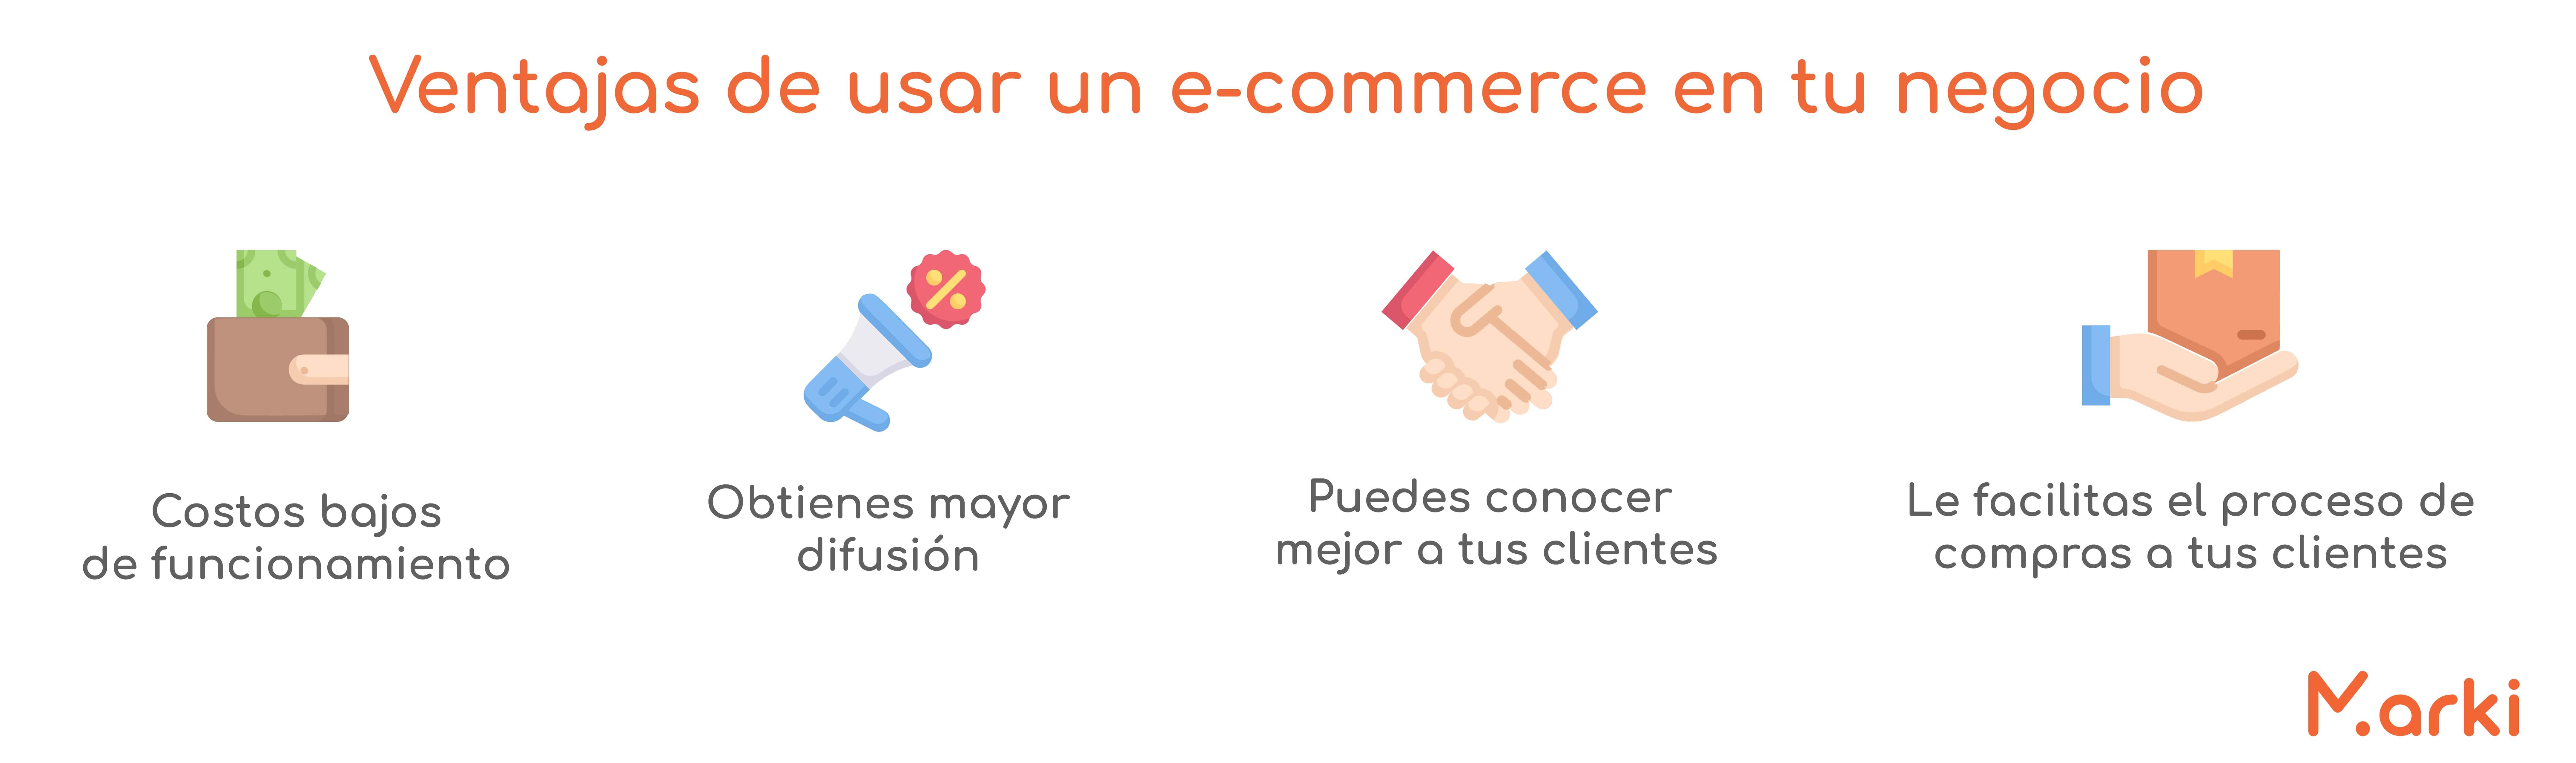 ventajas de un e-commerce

--

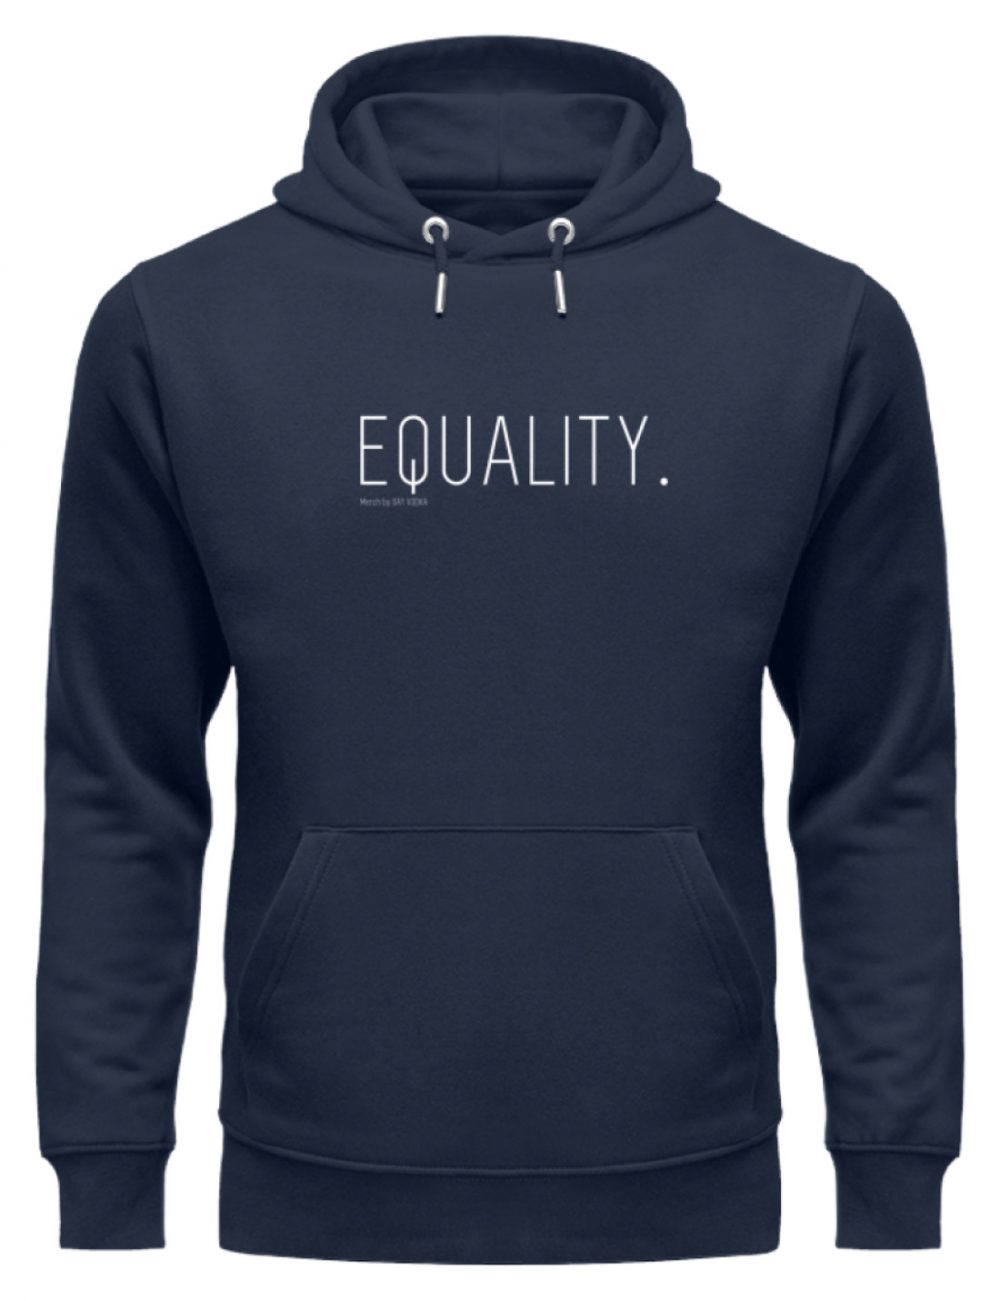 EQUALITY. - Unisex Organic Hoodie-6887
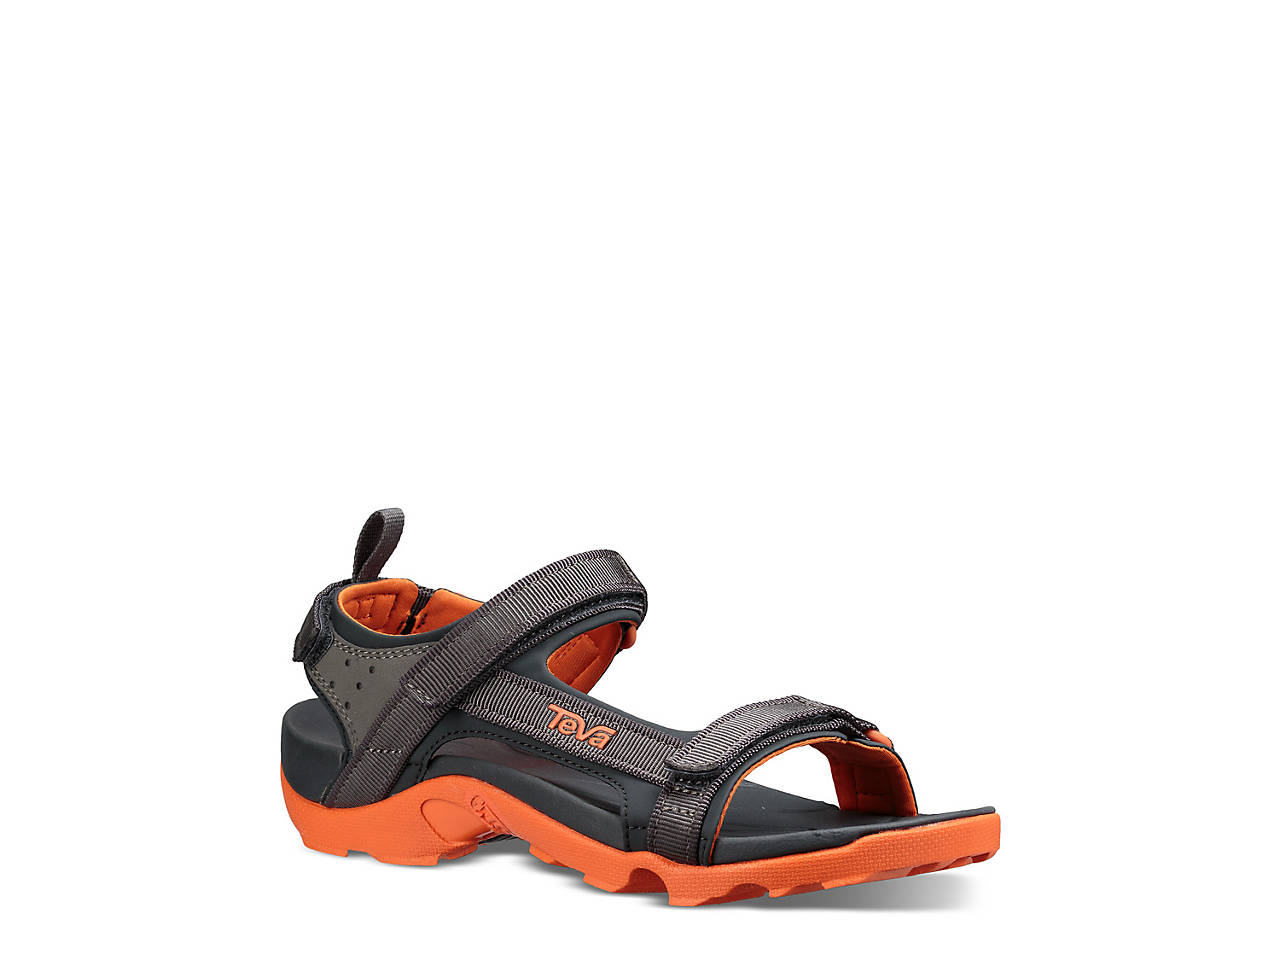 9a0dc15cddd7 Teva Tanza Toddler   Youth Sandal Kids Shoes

## EXERCISE DIRECTIONS
Though the entries above contain pictures, none should be copied; reproduce only the lines between the one holding "EQUALITY. - Unisex Organic Hoodie-6887" and the one holding "9a0dc15cddd7 Teva Tanza", inclusive, exactly as written.

## RESULT OF THIS TASK
 EQUALITY. - Unisex Organic Hoodie-6887
 9a0dc15cddd7 Teva Tanza Toddler   Youth Sandal Kids Shoes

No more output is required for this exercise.